Chole is annoying, and kind of a bore. She chatters and whines endlessly, and of course, we all know where this is going. By the end of the movie she’ll have learned humility, given up her rich bitch ways, and fall in love with Papi. But it’s getting there that’s a pain in the ass, as she wanders through the streets of Mexico encountering random, and poorly thought out plot devices. Mostly though, there’s a lot of talking The dogs talk and talk and talk. And when they aren’t boring us to death with their prattle, the movie does something stupid. Here’s an example: The owner of a dog fighting cartel sends Chloe into the ring to battle a Doberman. She manages to escape, and suddenly the cartel boss is beside himself, determined to get her back in one piece so that he can ransom her. Ten seconds earlier mind you, he was perfectly content to let her be ripped to shreds by his guard dog. But the writers needed something to keep the tension amped up and keep Chloe on the run. So, rather than taking the effort to write a decent script, they’ve just used whatever happened to be laying around in the plot to chase her.

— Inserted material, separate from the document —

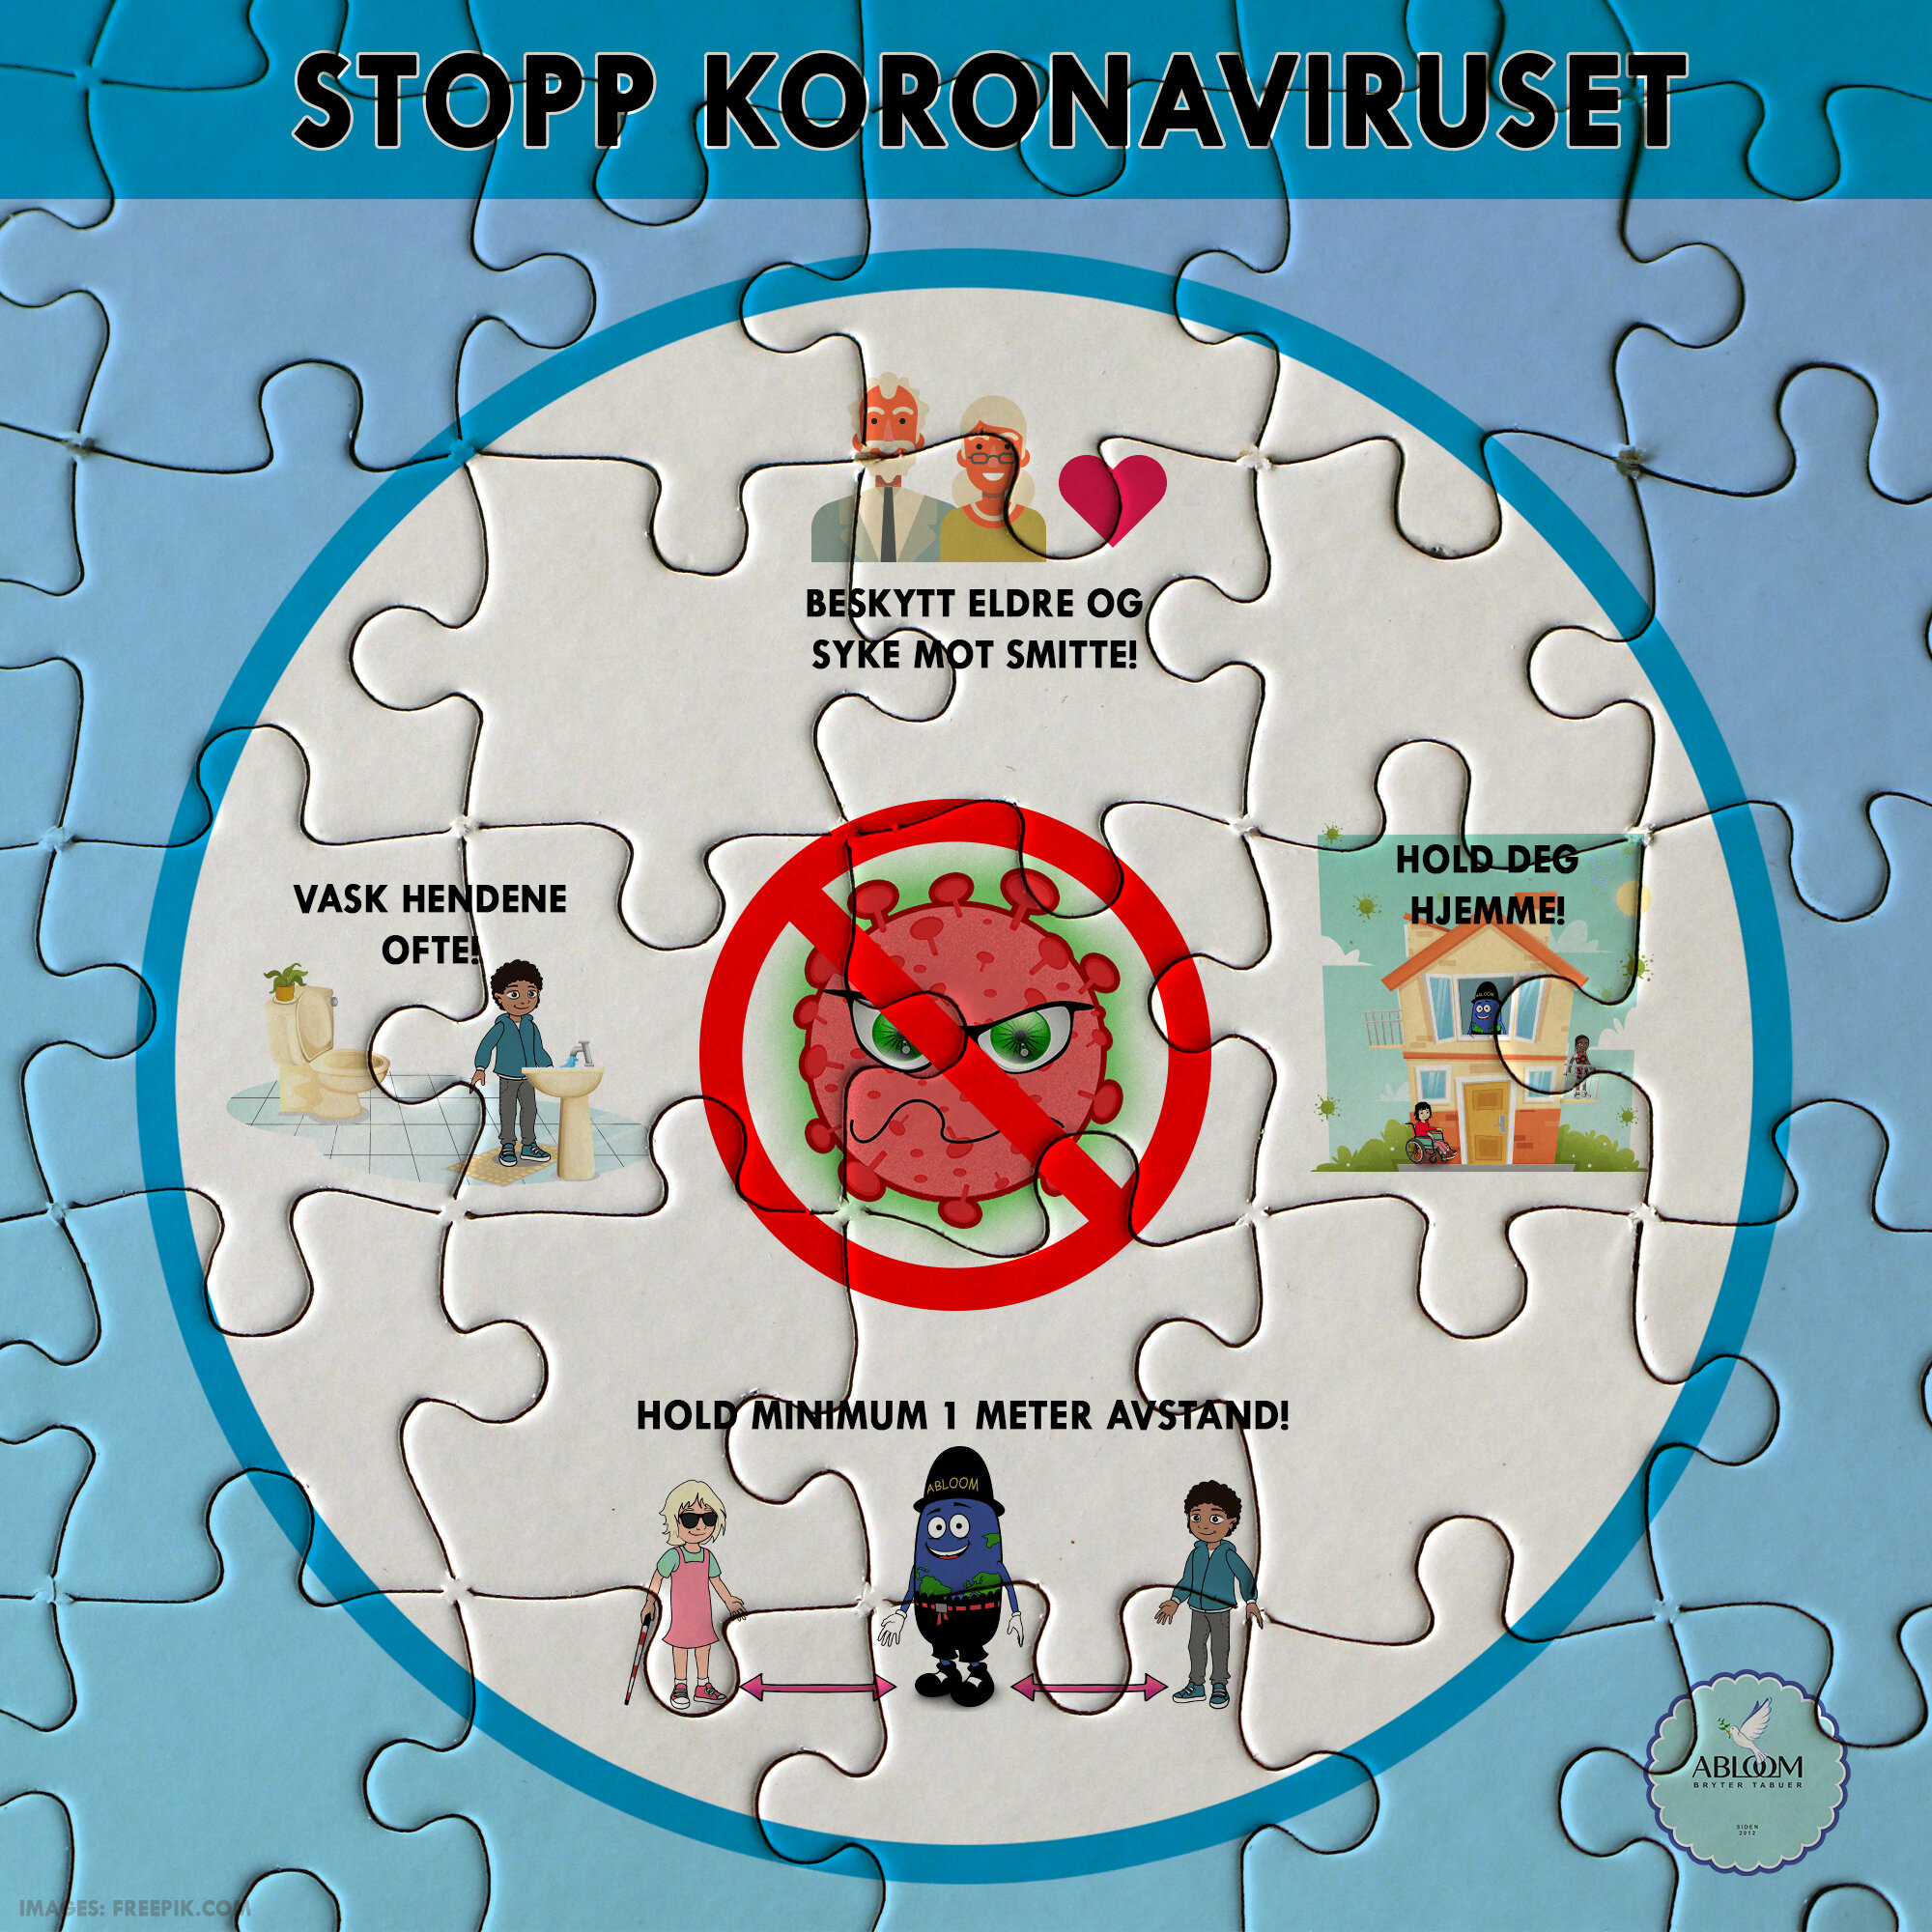 stop corona viruset v02 NO.jpg

It’s not all bad. Some of the voice work, especially from Lopez and Garcia, is actually quite good. There’s also a completely bizarre, yet entertaining sequence in which a herd of Chihuahua’s materializes out of nowhere to defeat a group of mountain lions. I’m not sure if that was supposed to be funny, but I laughed. Beverly Hills Chihuahua is also one of the few recent movies to portray Mexico in a positive light. It’s never displayed as the poverty-ridden den of corruption and drug-running it actually is. Mexico City is made to look like New York with extra brown people, and Mexicans, at least in the context of this movie, seem like the nicest, most honest people on Earth. White people on the other hand, are all oblivious, selfish, and rich. If only that were true, maybe I wouldn’t have had to grow up on food stamps.
As for whether or not you should take your kids, don’t bother. I’ve never seen a more disinterested pre-teen audience. By fifteen minutes in, most of the children in the room had tuned it out. The ones sitting near me were doing headstands in their seats, and playing in the aisles. You might as well take your kids to Religulous. They’ll have just as much fun.